White House Astronomy Night: A Celebration of Science, Technology, and Space
Through a partnership with US2020, the Tulsa Regional STEM Alliance was able to extend one invitation to a Tulsa area student to attend the 2015 White House Astronomy Night! Held on the South Lawn of the White House in Washington, DC on October 19th, students will stargaze with scientists, engineers, and visionaries from astronomy and the space industry.
We are happy to announce Andrew Hoke will be attending and representing Tulsa. Andrew is a 15 year old sophomore at Union High School. His most recent project was ‘Cubes in Space’, involving collaboration and consultation with NASA. This project included designing and constructing two separate team experiments that were sent into space. Each experiment tested the effects of anti-gravity on specific control items. The first experiment observed the chemical structures of common pain killers once returned from zero gravity. This experiment concluded that liquid pain killers presumably evaporate in the atmosphere since they vanished and the solid medicine remained chemically identical to how it was before being launched. The second test documented the effects of zero gravity conditions on a small ecosystem. The experiment verified no changes from earth to zero gravity conditions on seed growth and decomposition of organic waste. Andrew has continued to develop an active role in the astronomy community by participating in a recent communication event with the ISS and the Russian Cosmonaut aboard. Andrew hopes to pursue a career in Astronomy or Aerospace Engineering.

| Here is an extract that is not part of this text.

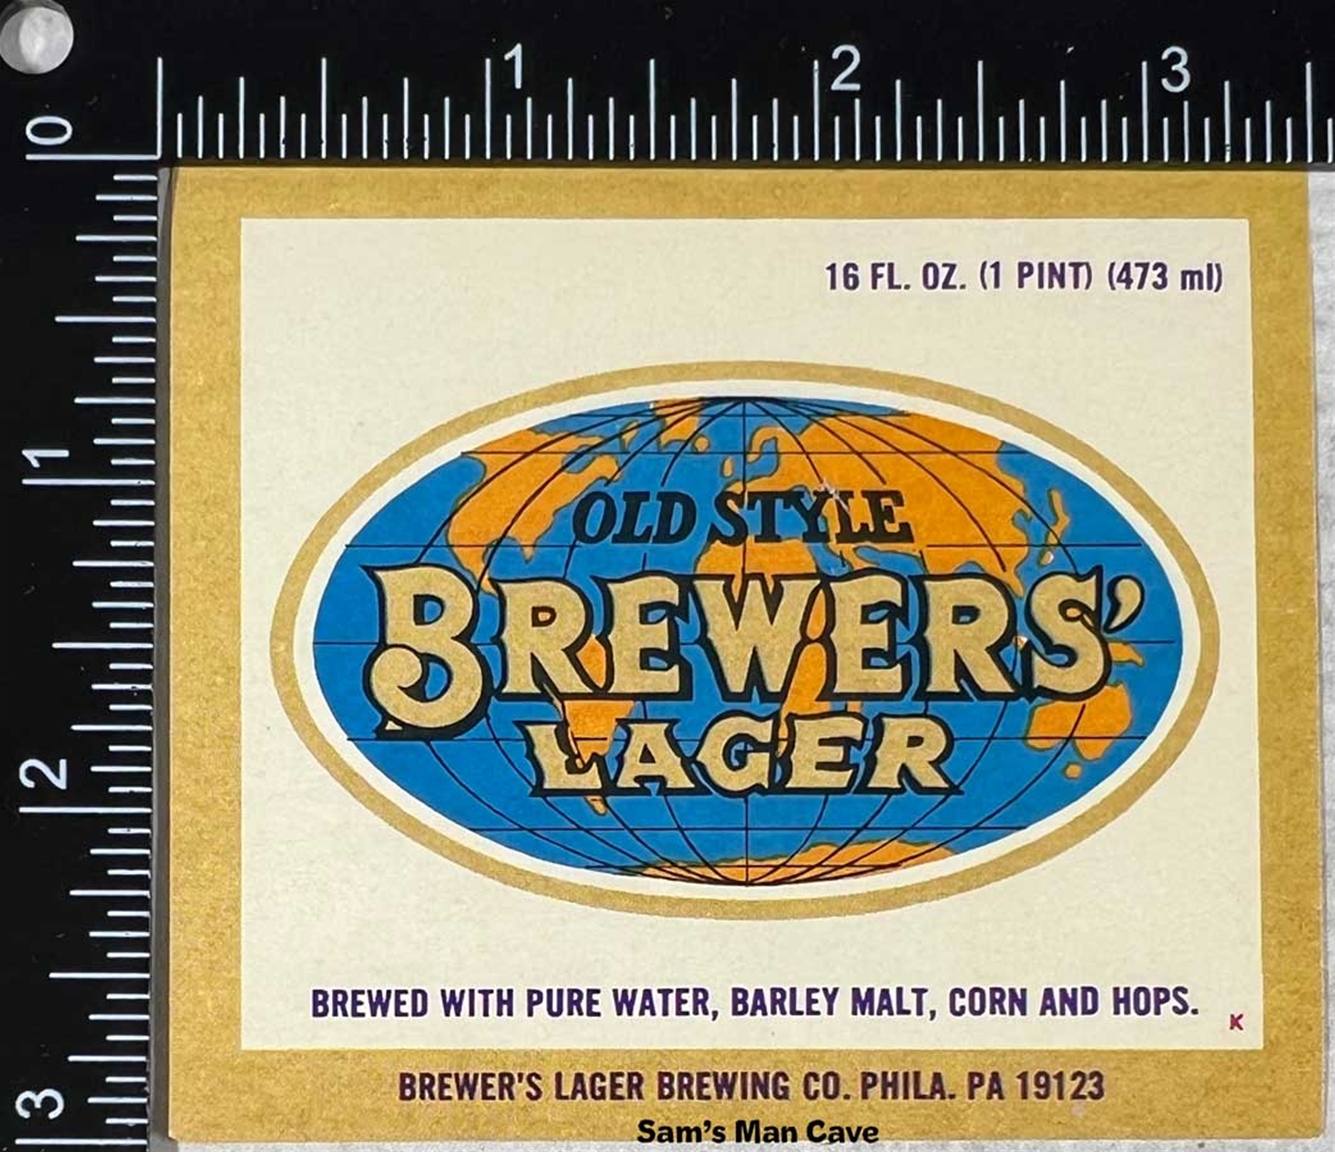 Brewer's Lager Beer Label

US2020 is a new organization developed from a White House call to generate large-scale, innovative solutions to our science, technology, engineering, and math (STEM) education challenges. Announced by President Obama at the 2013 White House Science Fair, US2020’s mission is to dramatically scale the number of STEM professionals mentoring and teaching students through hands-on projects with a focus on serving underrepresented communities — girls, underrepresented minorities, and low-income children. Their goal is to match 1 million STEM mentors with students from kindergarten through college via youth-serving nonprofits by the year 2020, creating millions of moments of discovery — life changing events when students conduct experiments, build model rockets, and program robots.